Application: a case study in the Tapajós National Forest
The Tapajós National Forest is a protected area in the Brazilian Amazon. Located within the coordinates -55.4$^{\circ}$ and -54.8$^{\circ}$ E and -4.1$^{\circ}$ and -2.7$^{\circ}$ S with ~ 527,400 ha of multiple Amazonian ecosystems. We take twenty random points across its area to get the precipitation from Jan-2008 to Dec-2018 using get_chirps(). We use an object of class 'sf' which is passed to the method get_chirps.sf(). Then, we compute the precipitation indices for the time series with intervals of 30 days using precip_indices().
library("chirps")
library("sf")
data("tapajos", package = "chirps")
set.seed(1234)
tp <- st_sample(tapajos, 20)
tp <- st_as_sf(tp)
dt <- get_chirps(tp, dates = c("2008-01-01","2018-01-31"))
p_ind <- precip_indices(dt, timeseries = TRUE, intervals = 30)
We selected four indices for the visualization using tidyverse [@tidyverse]. Plots were ensembled together using gridExtra [@gridExtra]. Here we see how these indices are changing across the time series (Figure 1). In this quick assessment, we note an increasing extent of consecutive dry days (MLDS) across the time series, with also a decrease in the number of consecutive rainy days (MLWS), which stays above the historical average for MLDS and bellow the historical average for MLWS. The trends also show a decrease in the total rainfall in the 30-days intervals, staying below the average after 2014. Finally, we note a decrease in maximum consecutive 5-days precipitation, which also stays bellow the historical average.

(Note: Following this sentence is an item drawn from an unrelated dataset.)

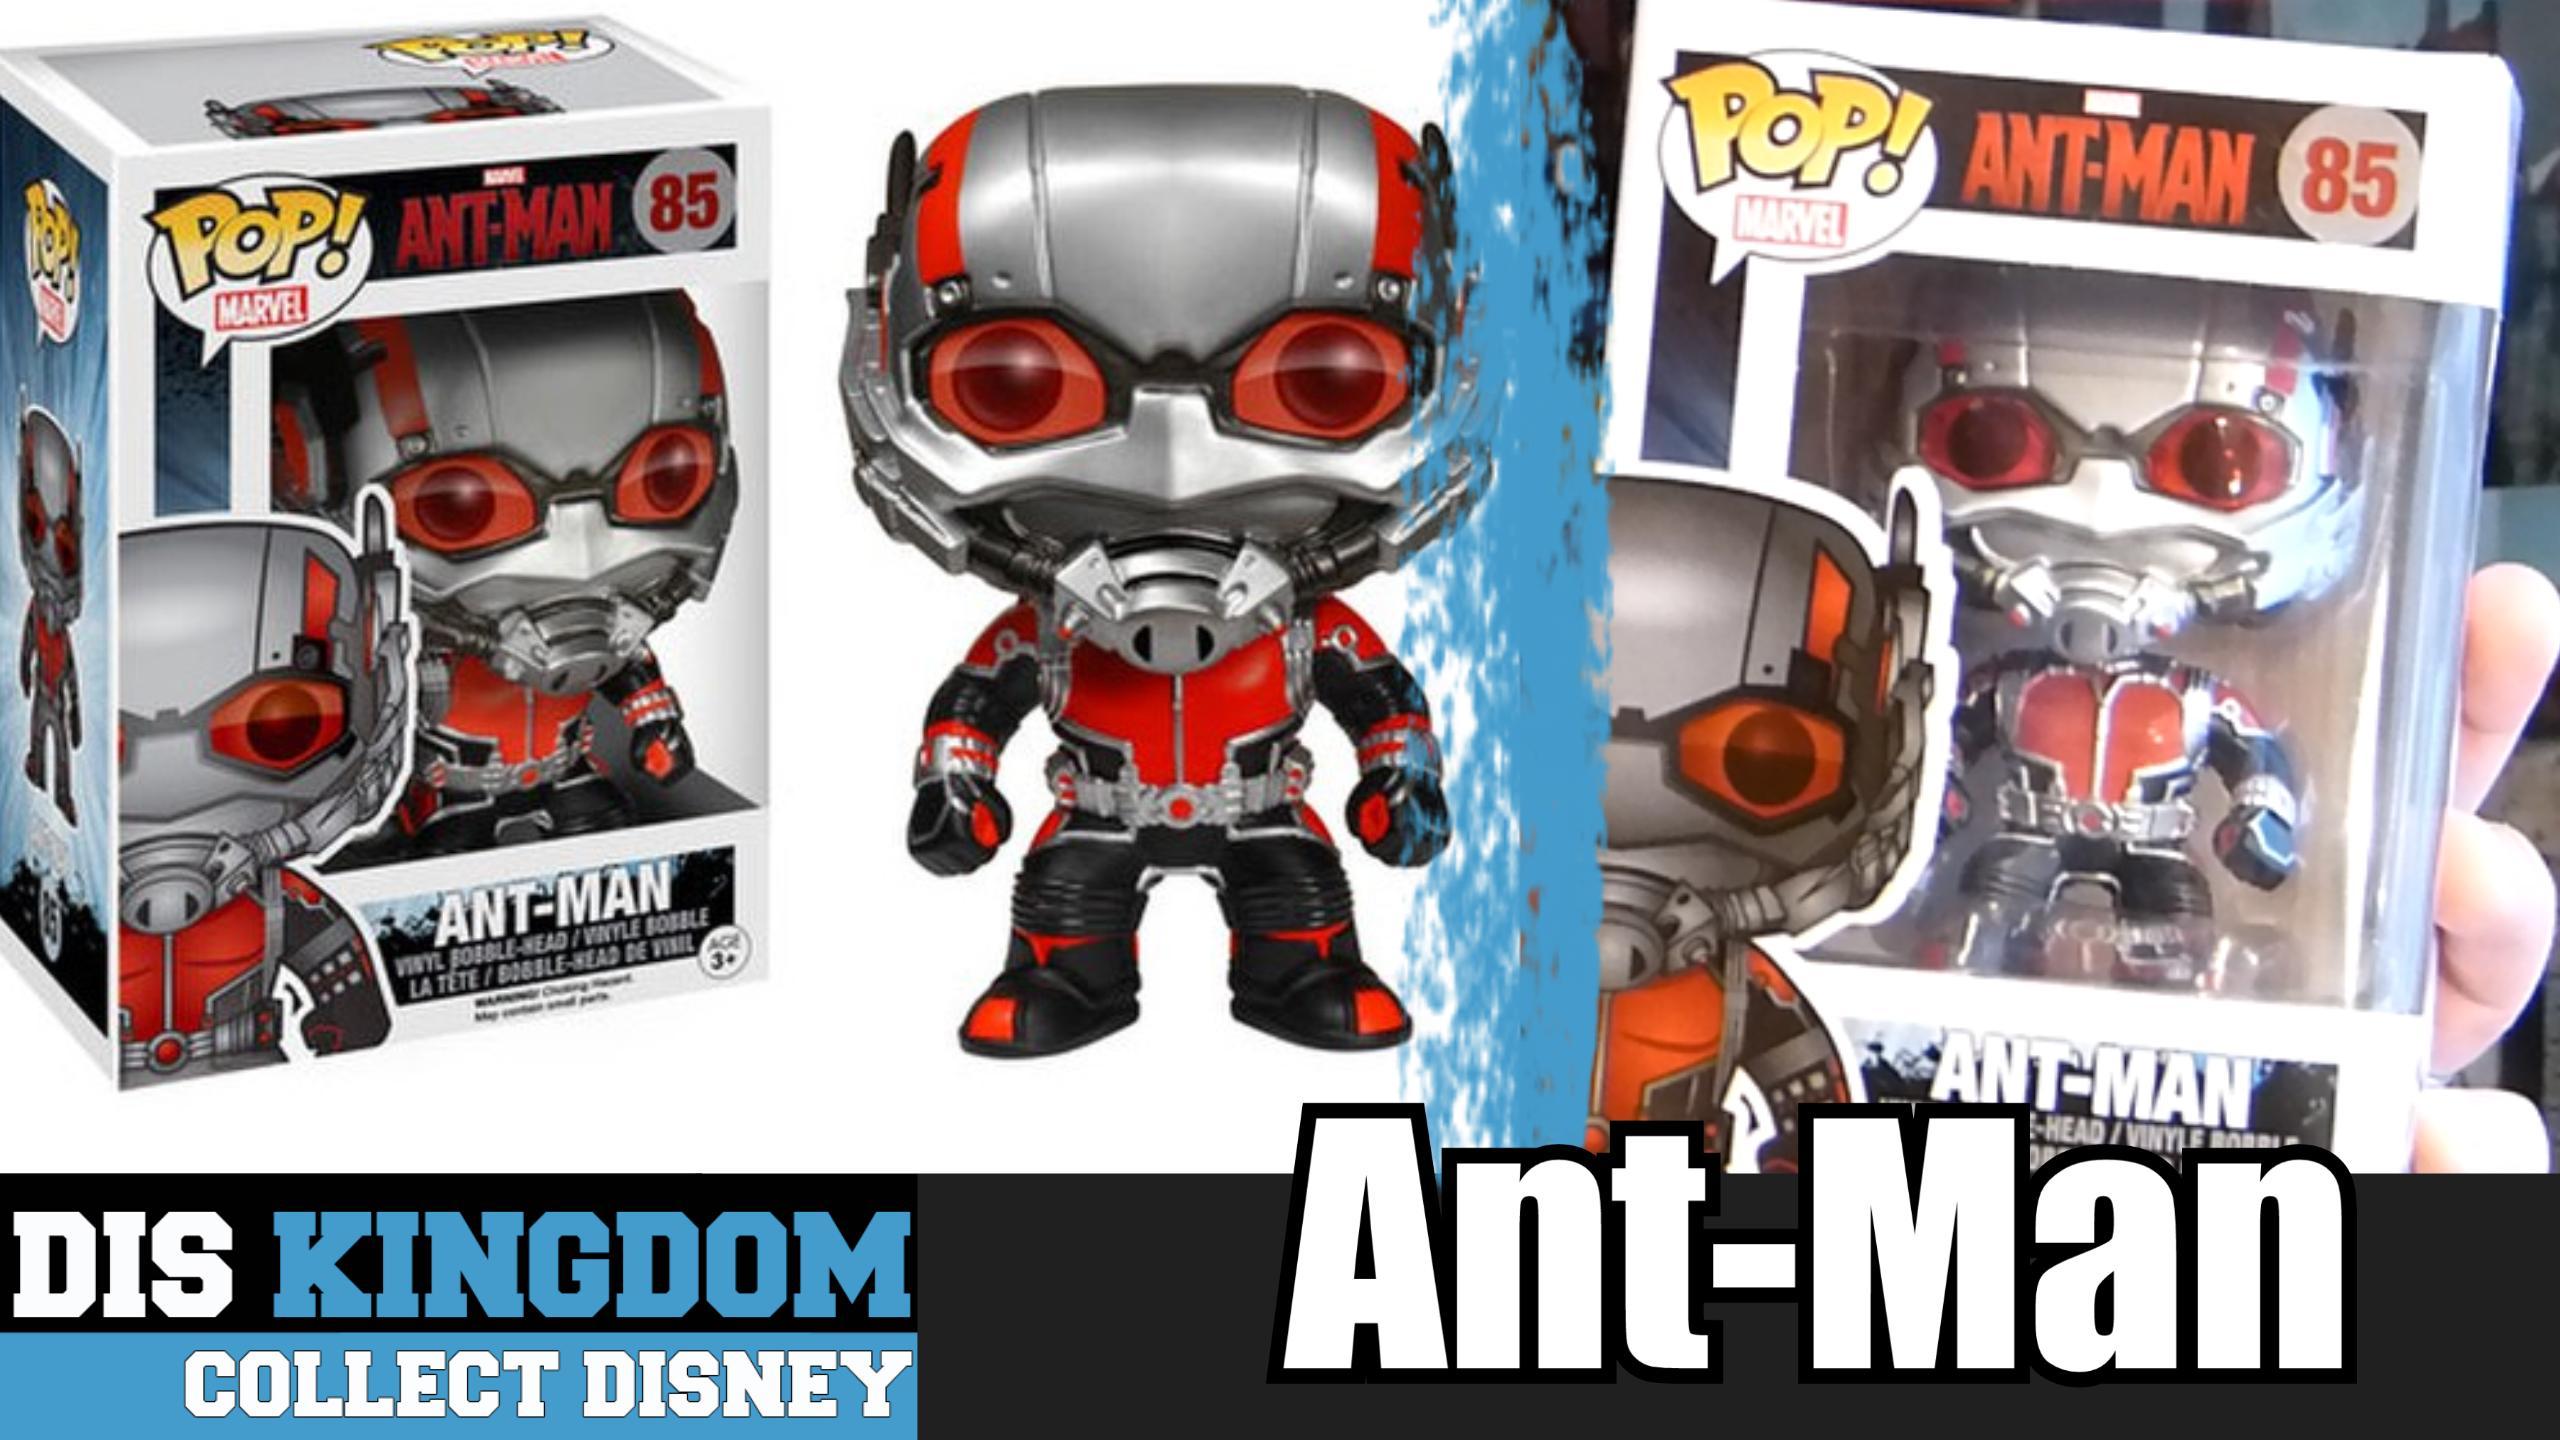 Ant-Man Pop Vinyl Unboxing

\begin{figure} \includegraphics[width=0.9\linewidth]{Fig1} \caption{Trends in precipitation variability across the Tapajós National Forest, Brazil, for the period of 01-Jan-2010 to 31-Dec-2018 with four precipitation indices. MLDS, maximum length of consecutive dry days (days), MLWS, maximum length of consecutive wet days (days), Rtotal, total precipitation (mm), Rx5day, maximum consecutive 5-days precipitation (mm). Red lines indicates the historical mean of each index in the time series. Blue line indicates the smoothed trends in each index using the 'loess' method.}\label{fig:fig1} \end{figure}
Other applications and conclusion
Deriving precipitation indices that can be obtained from CHIRPS proved to be an excellent approach to evaluate the climate variability using precipitation data [@DeSousa2018] and the effects of climate change on a continental analysis [@Aguilar2005]. Additionally, these indices can be used to register specific effects of climate variability on crop varietal performance. In crop modelling, @Kehel2016 applied this to assess the interactions of wheat varieties with the environment, showing how severe drought, assessed with the maximum length of dry spell (MLDS), can affect the plant development and the yield. These indices can also be useful to improve variety recommendation for climate adaptation in marginal production environments [@vanEtten2019].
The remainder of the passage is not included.